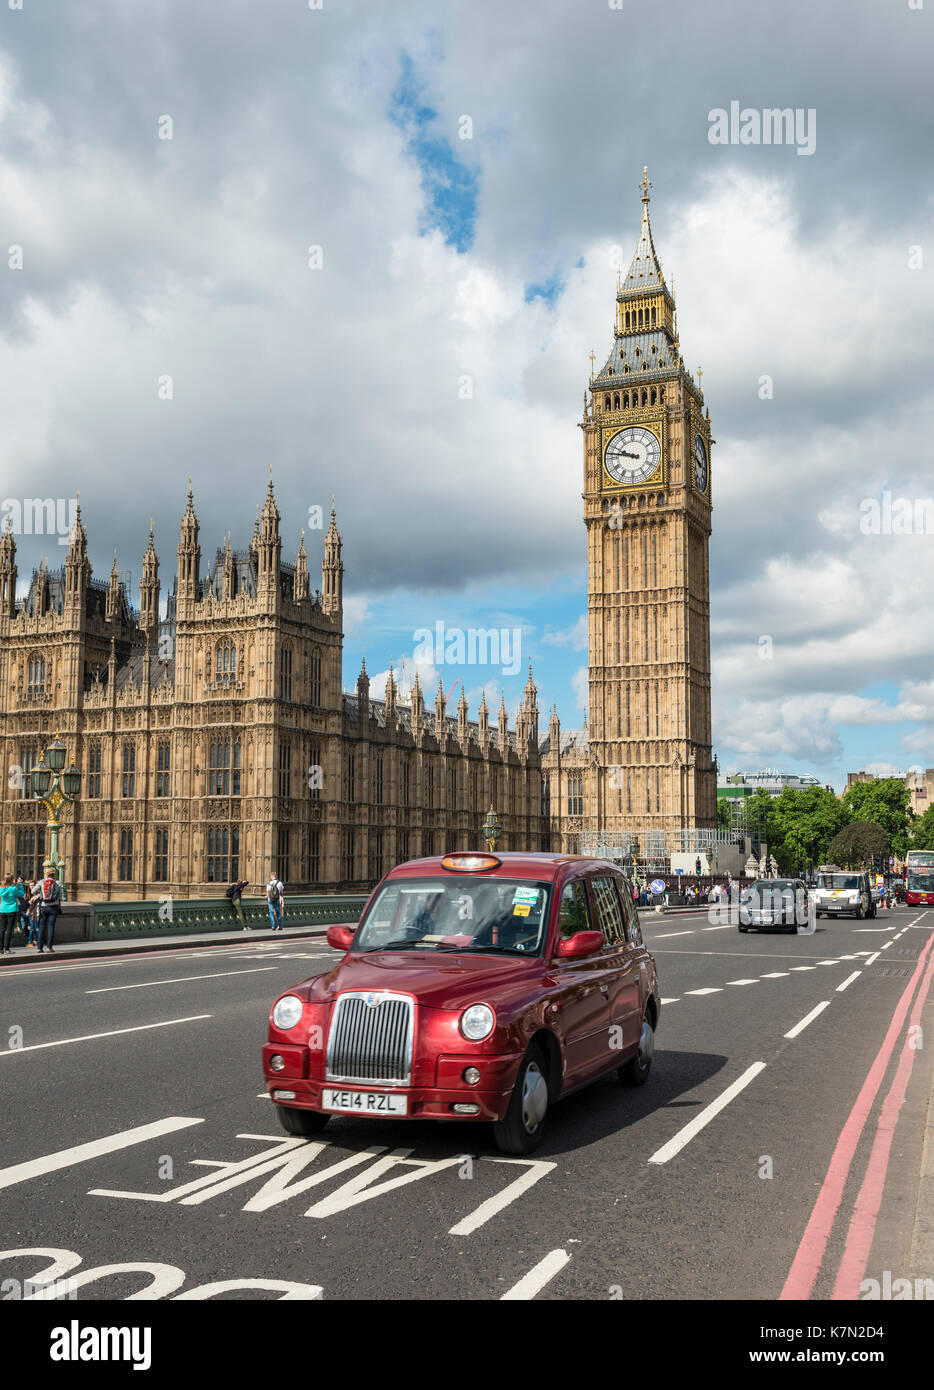 Red Taxi on the Westminster Bridge, Westminster Palace and Big Ben, London, England, Great Britain Stock Photo
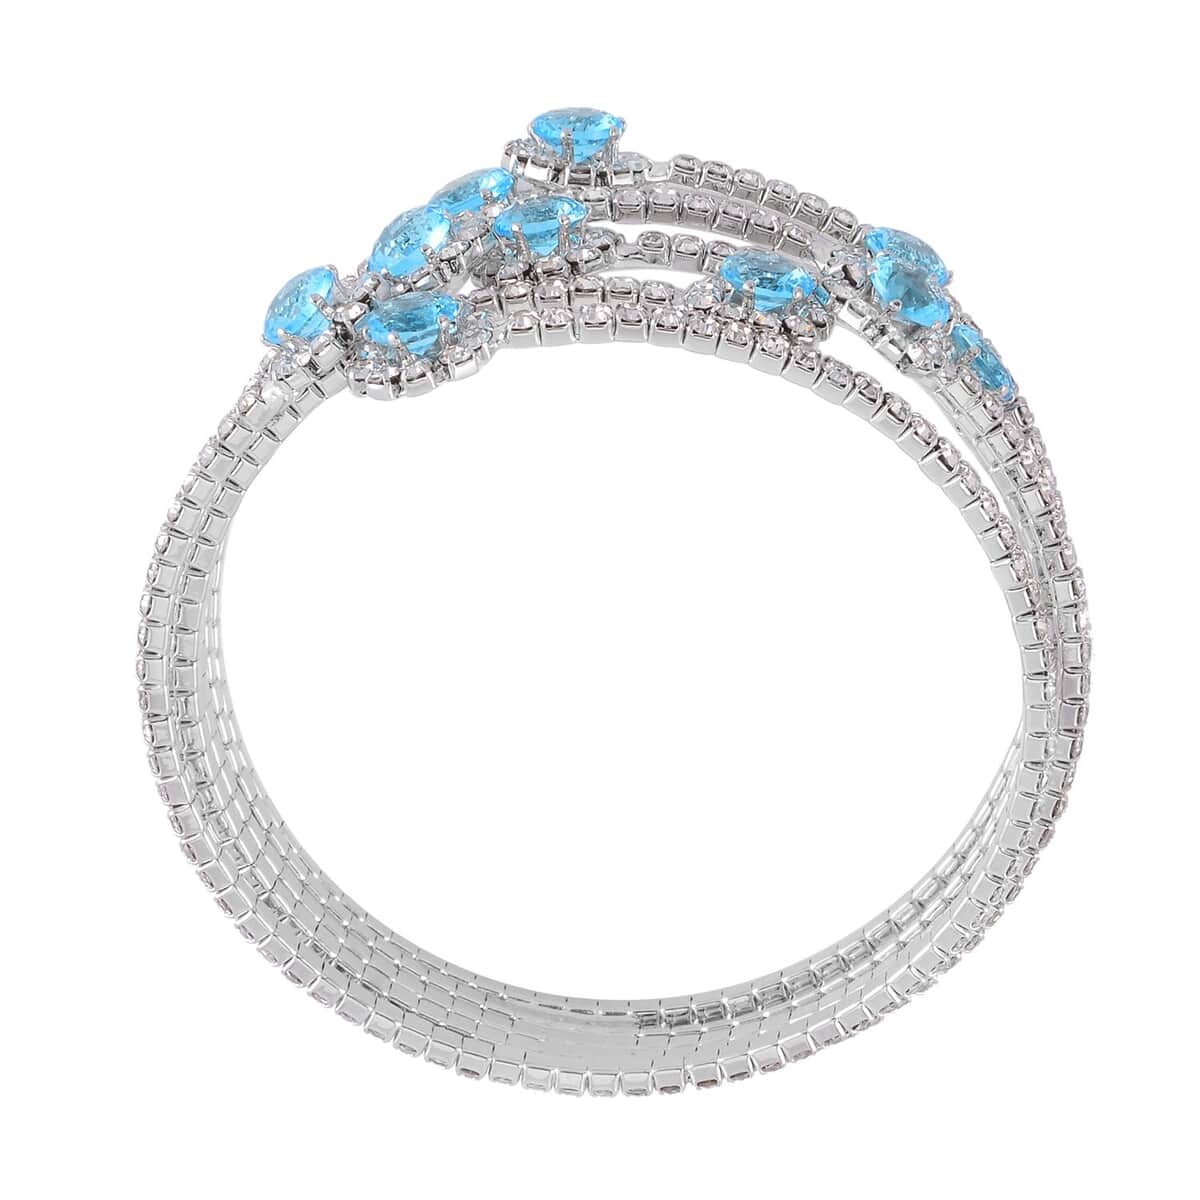 Sky Blue and White Color Austrian Crystal Bangle Bracelet (7-7.5 In) and Earrings in Silvertone image number 5
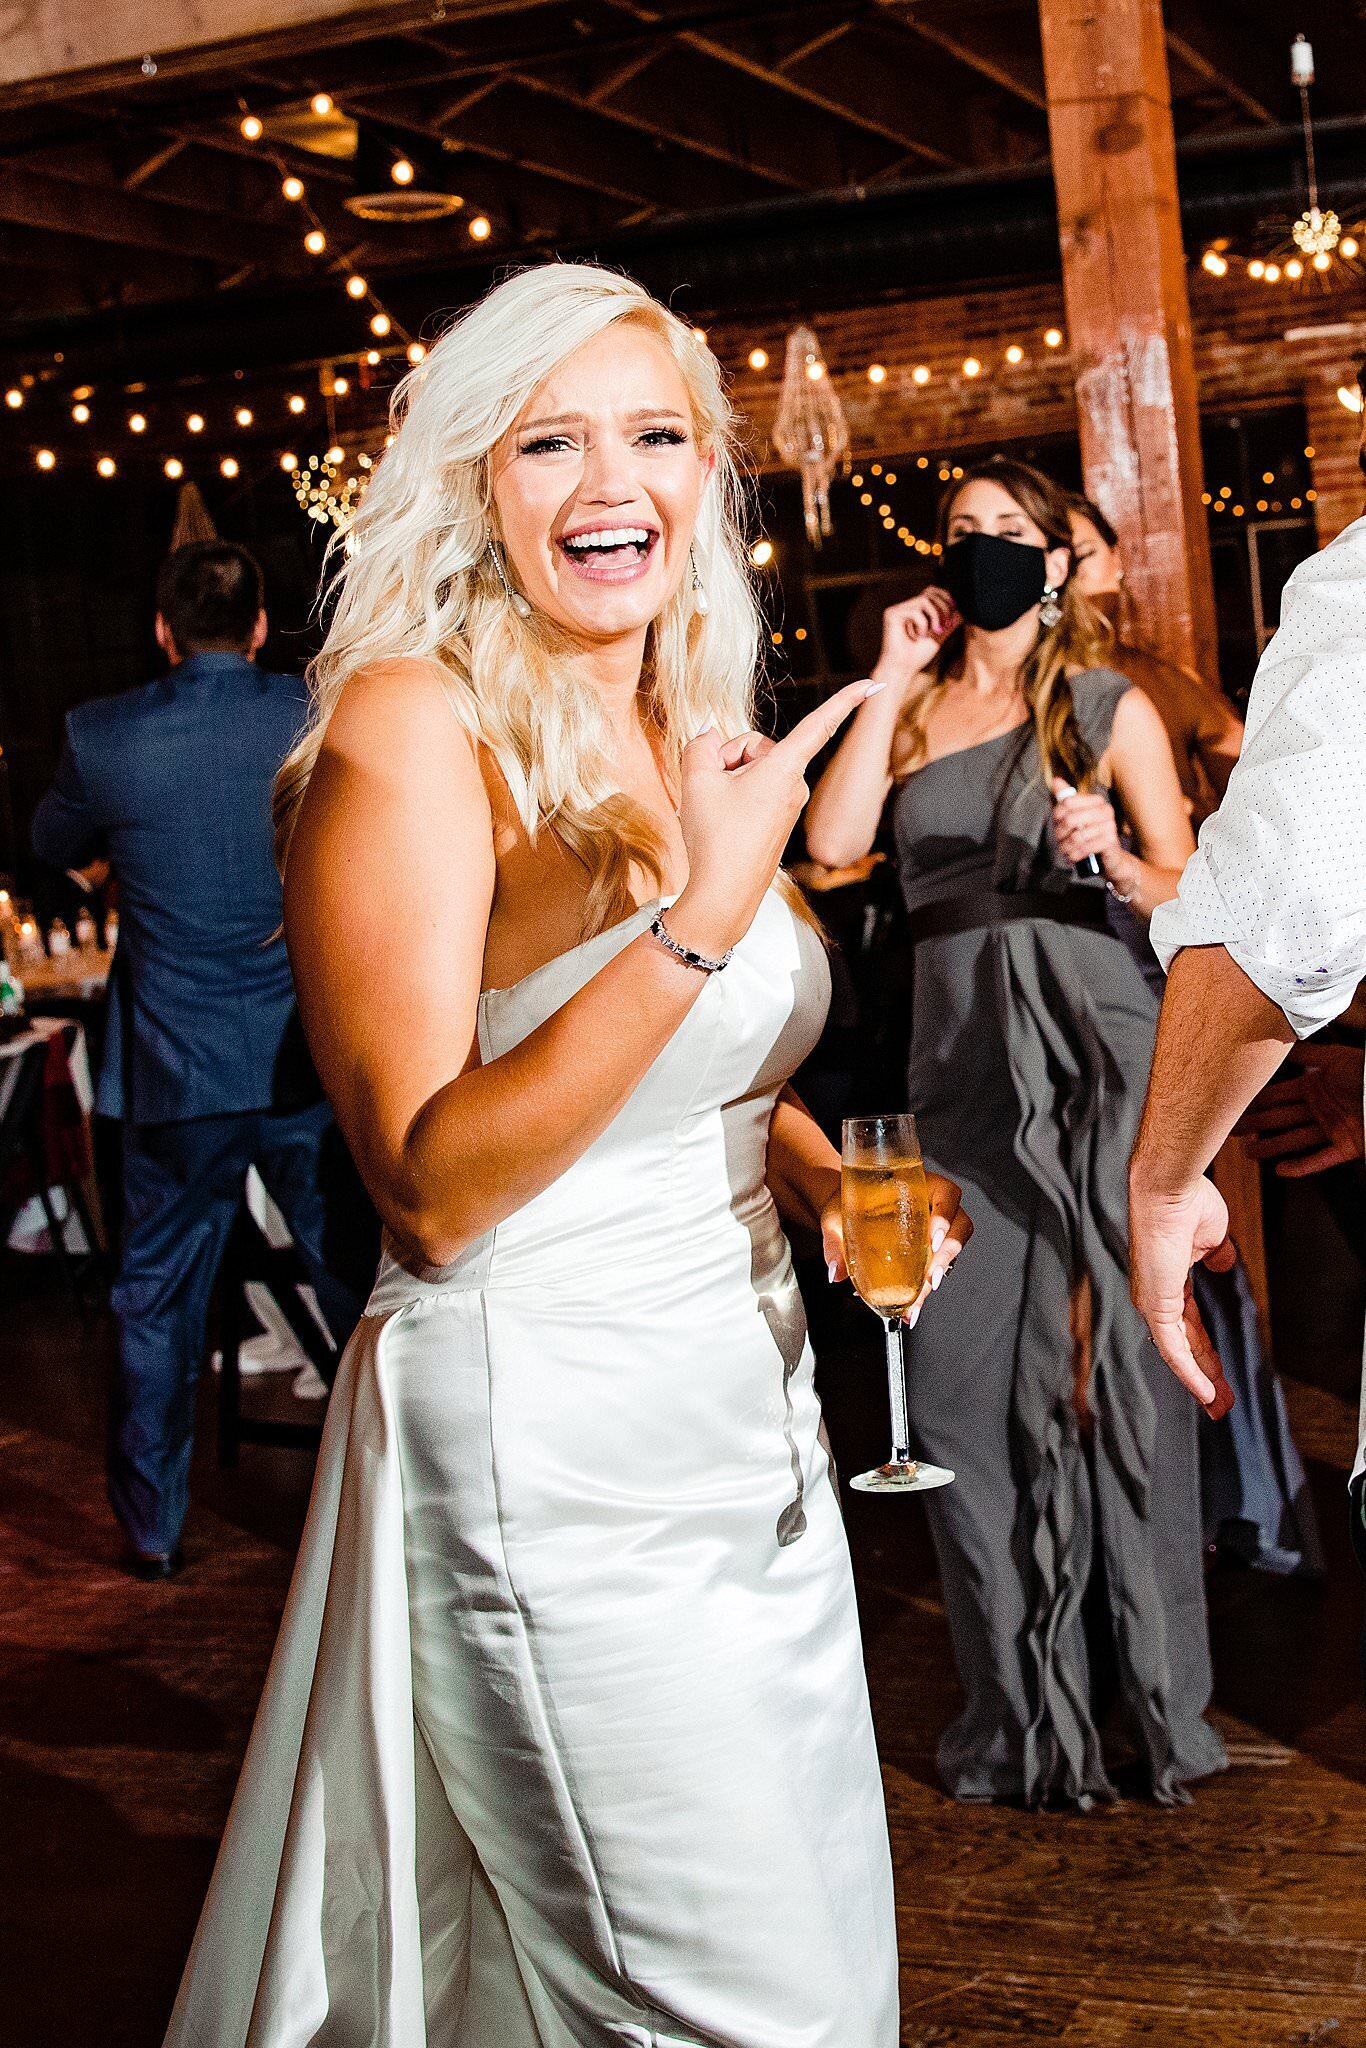 Bride laughing candidly on the dance floor holding a glass of wine

What is expected: Print the material in full and exactly; the pictures must not be printed.

Response for this exercise:
 Red Taxi on the Westminster Bridge, Westminster Palace and Big Ben, London, England, Great Britain Stock Photo
 Sky Blue and White Color Austrian Crystal Bangle Bracelet (7-7.5 In) and Earrings in Silvertone image number 5
 Bride laughing candidly on the dance floor holding a glass of wine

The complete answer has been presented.